Nice guy, and I liked him--I always try to take his cab when I'm in Pittsburgh.

But complex and hard-fought civil cases really do turn about 90 per cent on the quality of the discovery questions and requests, including deposition questions, and the responses to them. And well-thought out and strategically-timed written discovery is the best way there is to prepare great depositions--and get ready for trial.

JDH

Posted by Holden Oliver (Kitzbühel Desk) at 11:00 PM | Comments (2)

What if you only represented clients you actually "liked"?

Only a few books I can find on the subject of rendering services to customers in the business sections of Borders or Barnes & Noble ever mention it. In the context of lawyer services, it's simply this: except for some court appointments and pro bono engagements, what if we only chose to represent clients we liked?

By "like", I mean it loosely: to derive for whatever reason real pleasure and satisfaction while doing legal work for a individual or organization.

My firm shies away from individuals as clients, regardless of his or her resources. We usually represent businesses. So in the case of an organization, we "like" the client because overall we somehow feel comfortable with or maybe even admire the personality, business culture or goals of that client, personally like/admire the client reps and general counsel, or both.

My firm "likes" business clients which are experienced, sophisticated users of legal services. When we perform well, the client appreciates us and signals that appreciation. So then we like the client even more, and want to do an even better job or keep doing the good job we are doing so we can derive more real pleasure from the engagement, and obtain more work.

As simple and as annoyingly Mr.
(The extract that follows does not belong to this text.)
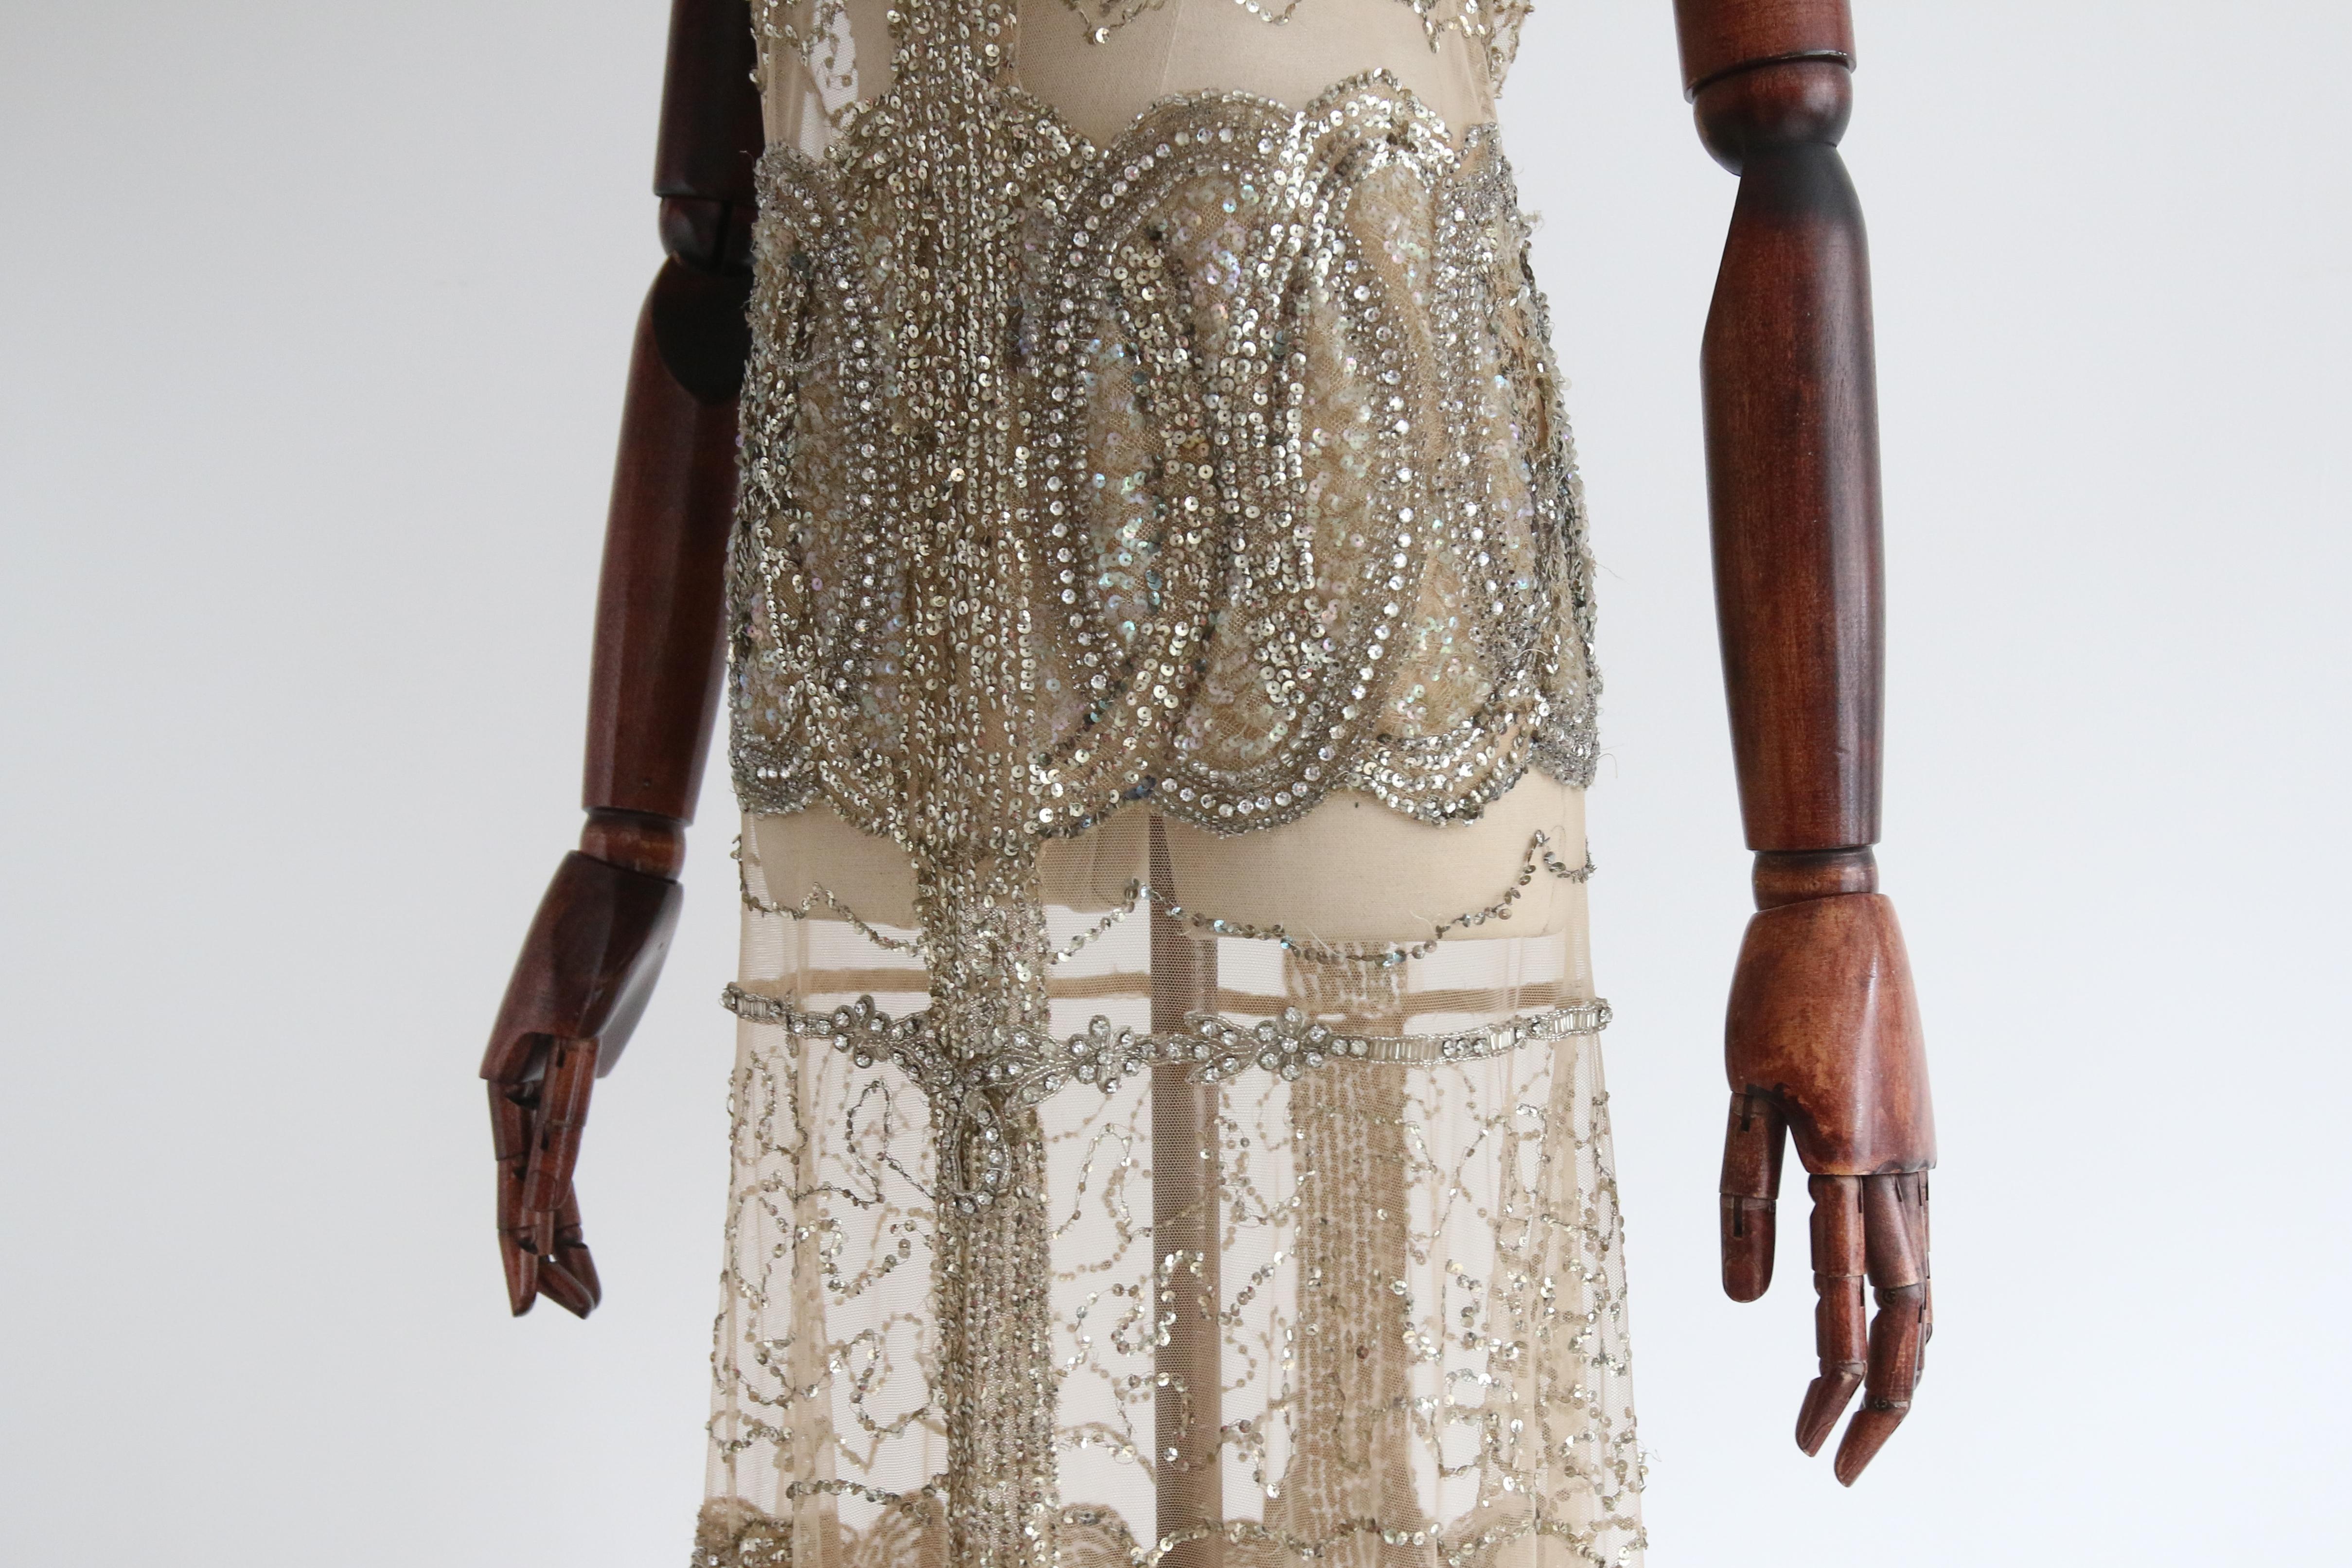 Vintage 1920er Gold Perlen Pailletten Kleid Flapper Kleid UK 6-8 US 2-4 im Angebot 12

Rogers-esque as this all sounds, we have never, ever had good long-term relationships with any organization client which did not genuinely appreciate what we were doing for it and show it (good clients "get" lawyering, have used different lawyers frequently in the past and understand the vast differences in quality between lawyers out there in the international market), or which had disturbing corporate personalities (i.e., mean-spirited Rambo cultures, groups with employees given to blame-storming, or companies with disorganized, internally-uncommunicative or just plain lazy staffs).

Lots of such "broken" clients make money in spite of themselves--but they are never worth it for the long haul.

We rely on repeat business. For us, there's no substantial reason to accept a new engagement unless we think we might want to represent that client in the long term. For years, I often sensed before the first draft of the representation letter was done that the new client didn't fit us. Usually I couldn't articulate it--or maybe I just disliked the client rep. But because of the money or the prestige of the engagement, we took the project, and kept going after the repeat business anyway. A few years ago, we stopped doing that.

Does my attitude clash with some people's notions of real client service, duty to the profession or basic law firm economics? It sure does. And today I don't think I can practice law any other way. In the long term, having no client is better than a bad client--or one that I don't see courting down the road.